Interpreting Deep Visual Representations via Network Dissection.

Research paper by Bolei B Zhou, David D Bau, Aude A Oliva, Antonio A Torralba

Indexed on: 25 Jul '18Published on: 25 Jul '18Published in: IEEE transactions on pattern analysis and machine intelligence


The success of recent deep convolutional neural networks (CNNs) depends on learning hidden representations that can summarize the important factors of variation behind the data.

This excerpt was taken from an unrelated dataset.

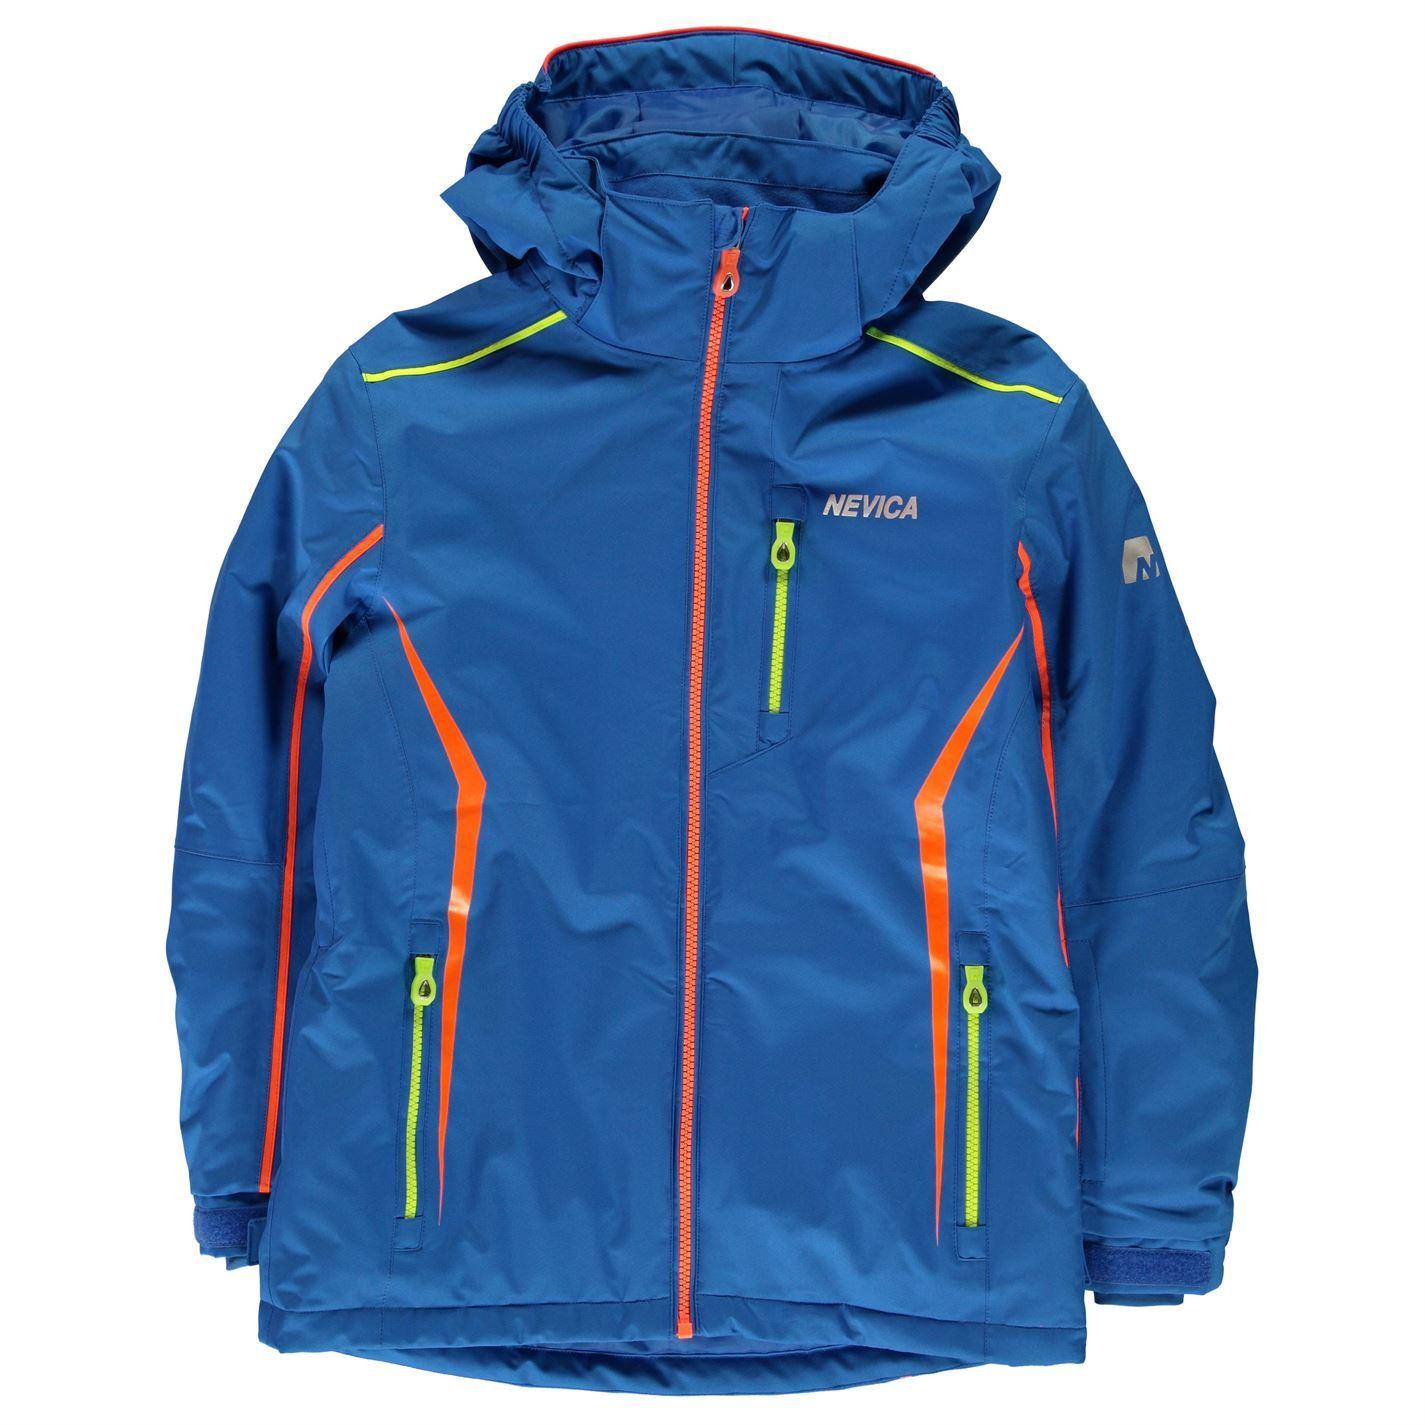 ... Nevica Meribel Jacket Junior Boys Snow Coat Skiing Outerwear 749ddfe6ddc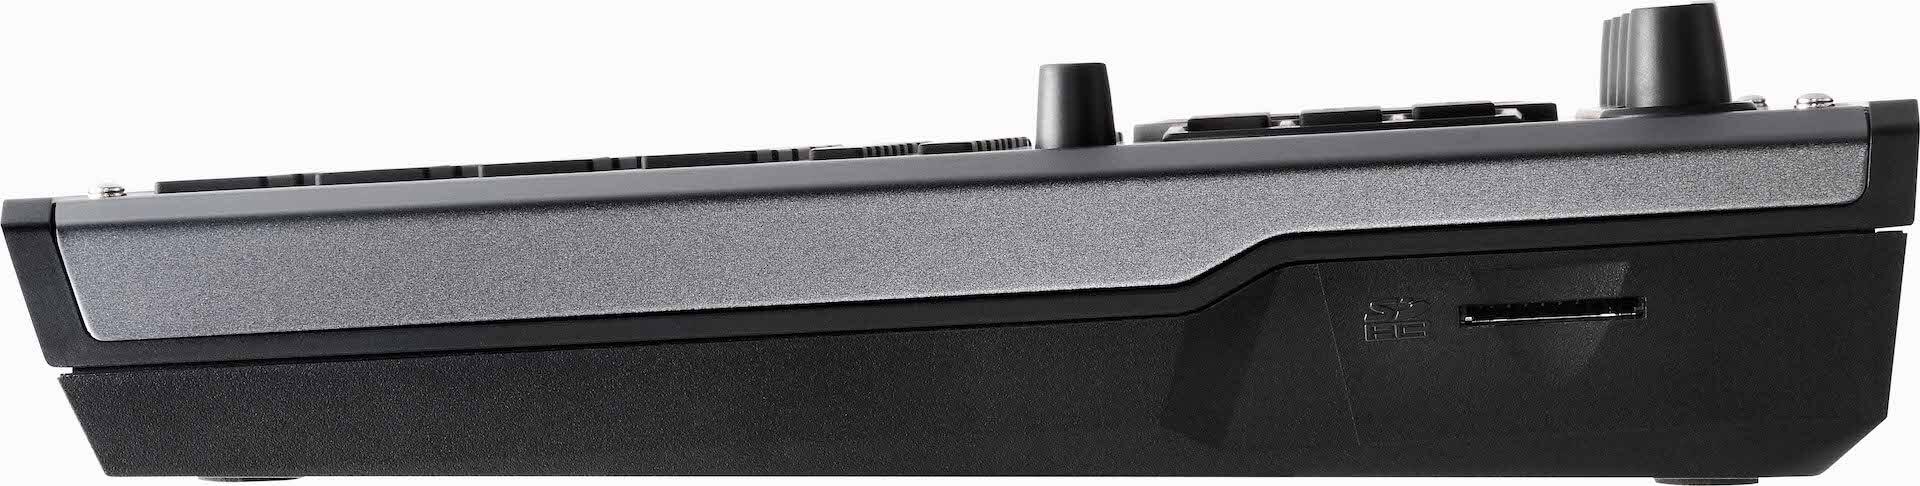 Rolandから最新サンプラー『SP-404MKII』が発売決定!ベロシティ&USB-Cも対応 tech211014_roland_sp404mk2_9

In this work, we describe \textit{Network Dissection}, a method that interprets networks by providing meaningful labels to their individual units. The proposed method quantifies the interpretability of CNN representations by evaluating the alignment between individual hidden units and visual semantic concepts. By identifying the best alignments, units are given interpretable labels ranging from colors, materials, textures, parts, objects and scenes. The method reveals that deep representations are more transparent and interpretable than they would be under a random equivalently powerful basis. We apply our approach to interpret and compare the latent representations of several network architectures trained to solve a wide range of supervised and self-supervised tasks. We then examine factors affecting the network interpretability such as the number of the training iterations, regularizations, different initialization parameters, as well as networks depth and width. Finally we show that the interpreted units can be used to provide explicit explanations of a given CNN prediction for an image. Our results highlight that interpretability is an important property of deep neural networks that provides new insights into what hierarchical structures can learn.